Recorded data section start
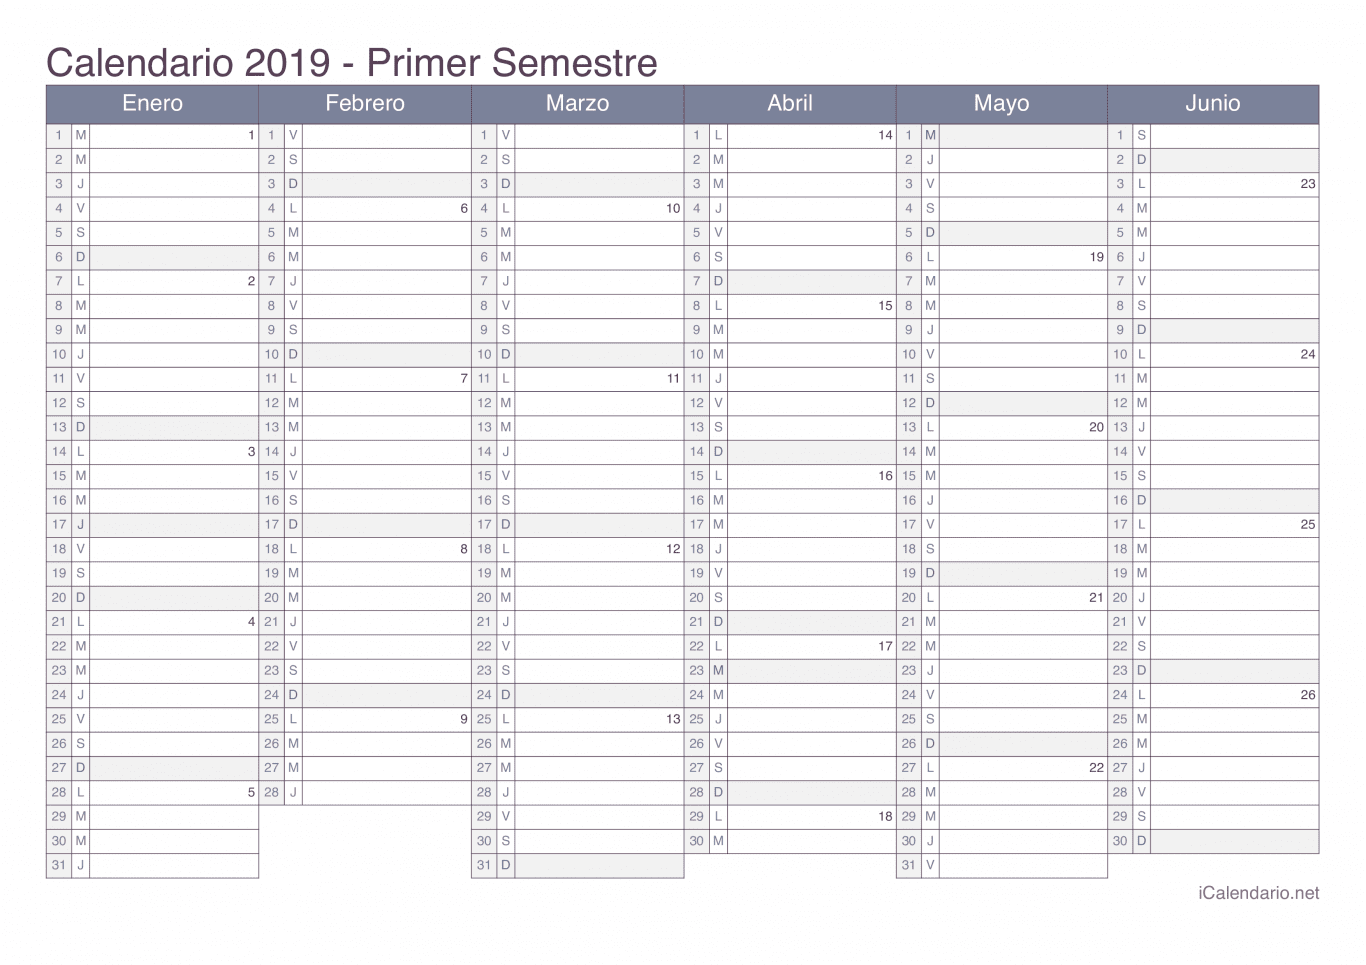 Calendario por semestre com números da semana 2019 - Office
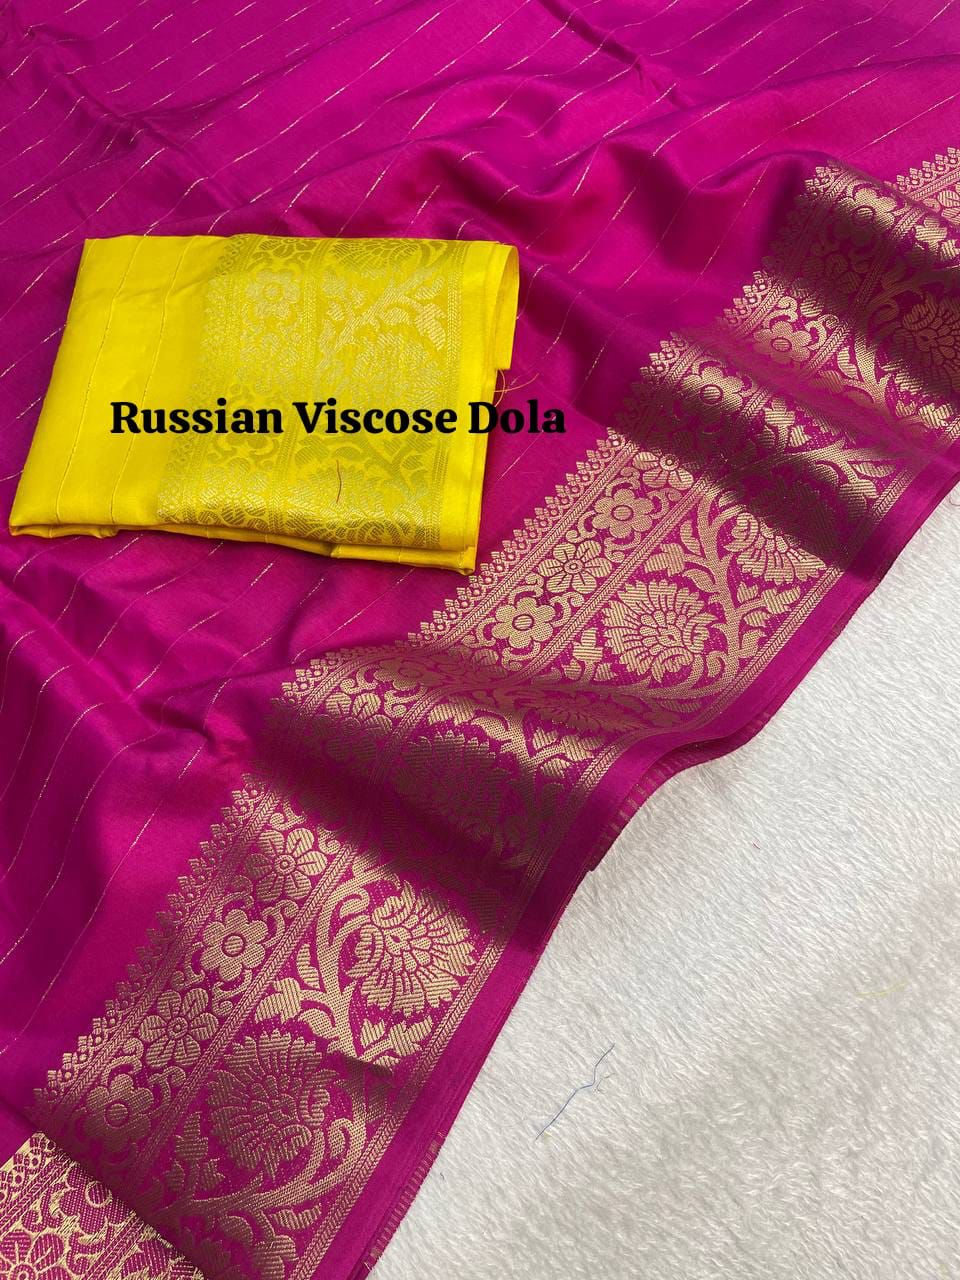 Pure Pink Viscose Russian Dola Saree With Pallu And Jacquard Border
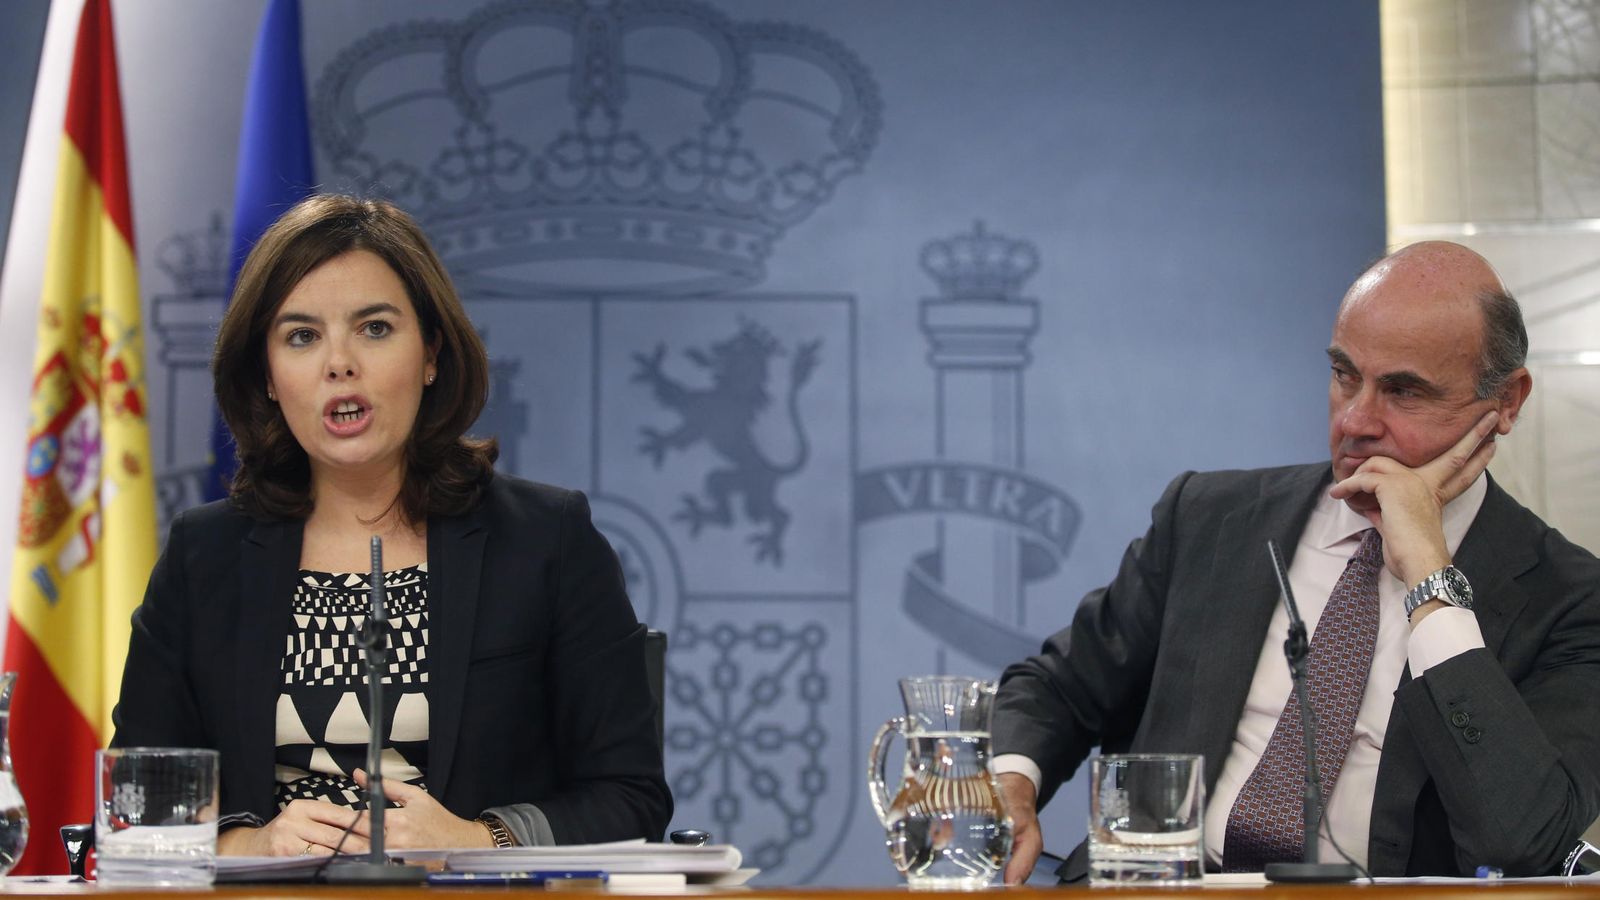 Foto: La vicepresidenta del Gobierno, Soraya Sáenz de Santamaría, y el ministro de Economía y Competitividad, Luis de Guindos. (EFE)
Recorded data section end
### Exercise prompt
Please copy exactly the lines from the one that contains "Pure Pink Viscose" through the last line of the listing above, leaving out the pictures.

### Problem solution
 Pure Pink Viscose Russian Dola Saree With Pallu And Jacquard Border
 Foto: La vicepresidenta del Gobierno, Soraya Sáenz de Santamaría, y el ministro de Economía y Competitividad, Luis de Guindos. (EFE)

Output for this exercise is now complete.